# ФИЛОСОФИЯ И КУЛЬТУРА > Здоровый образ жизни >  Смеется тот, кто смеется... последним (здесь только фото)

## Raja Kumari dasi

Реклама кофе брендом "хлеб насущный"

----------


## Lakshmana Prana das

Э-э-э... А когда смеяться? И почему в этом разделе?

----------


## Raja Kumari dasi

Это они смеются, а мы вспомним пословицу... 

Владельцы бренда используют слова молитвы, зова души к Богу как маркетинговый ход... Да, очень удачный ход с точки зрения прибыли. Но предлагают под этим брендом кроме хлеба - "первоклассные" кофе, мясо, алкоголь...  

Разве хлЪб (ведь именно через ять) насущный, да еще под листиками смоковницы (каковы умники) -  это свежайший кофе?  Подмена понятий, в отсутствие четких ориентиров... прогресс Кали-юги. И четко видна зацепка через религию. А на первом фото - барышня в кокошнике + Ъ и тоже кофе... Зацепка через национальность. 

На земле миллионы действительно молют о хлебе насущном, чтобы просто жить, не об изысках... а тут заграничные акционеры шутят по этому поводу... пока точки в Москве и Питере, но уже выходят в регионы. 

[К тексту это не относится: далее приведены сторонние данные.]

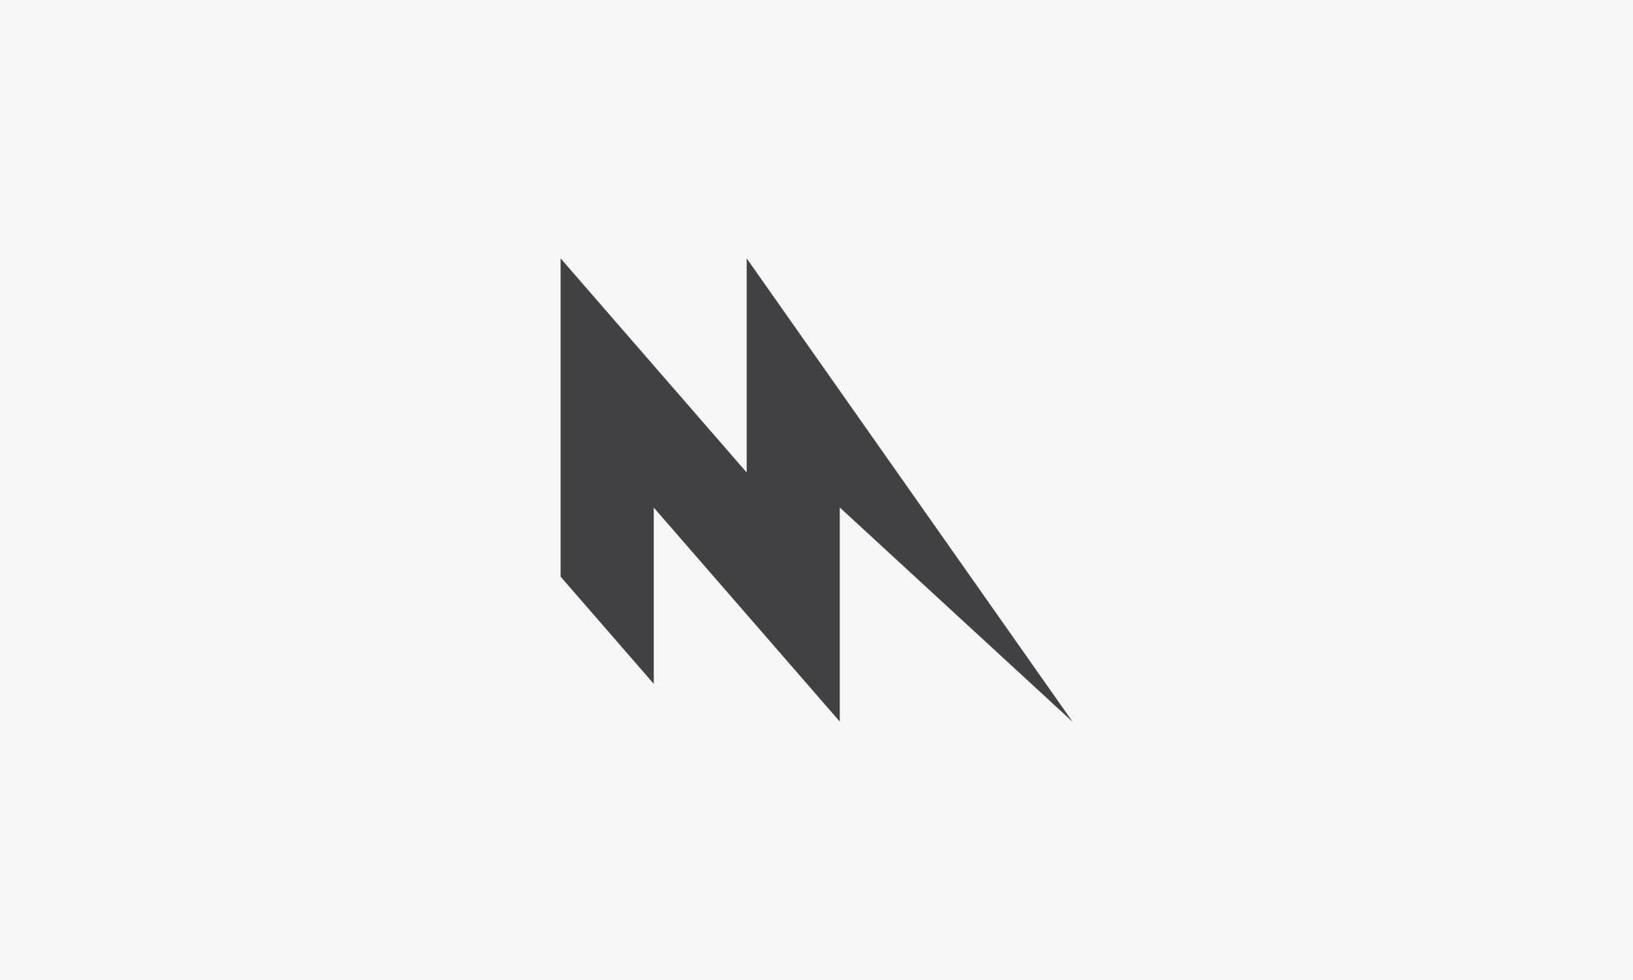 lightning letter M logo concept isolated on white background. vector

Мало  того, что все овощи-фрукты из-за заграницы ввозят... с/х развалили, так еще и мозг народу рекламщикам разрешают выносить. 

Почему в этот раздел? а куда еще... в Традицию и современность? здесь про сохранение здоровья. 

Многие видели фото водки Абсолют, шашлычной Ноев ковчег, и тому подобные идеи рекламщиков. 
Вот эта тема про них. Да... они "хорошо смеются", такое уж время... но... должно же что-то _святое_ у людей оставаться.

Есть и ответные ходы: водка Майа, пиво Козел, конфетки Харибо. 

Интересно зафиксировать для истории...

----------


## Сергей Х.

*Биоразлагаемые изделия из бумаги с семенами.*

----------


## Raja Kumari dasi

А фото?

----------


## ДинаТ

Ой, ребята, Амстердам сейчас тоже переполнен такими рекламами. Аппеллируют к религии ну уж очень явно. Используют зов души к Богу как маркетинговый ход только так... Наверное это трэнд 2020. Я постараюсь фото добавить на этой неделе :-))

----------


## ДинаТ

> Ой, ребята, Амстердам сейчас тоже переполнен такими рекламами. Аппеллируют к религии ну уж очень явно. Используют зов души к Богу как маркетинговый ход только так... Наверное это трэнд 2020. Я постараюсь фото добавить на этой неделе :-))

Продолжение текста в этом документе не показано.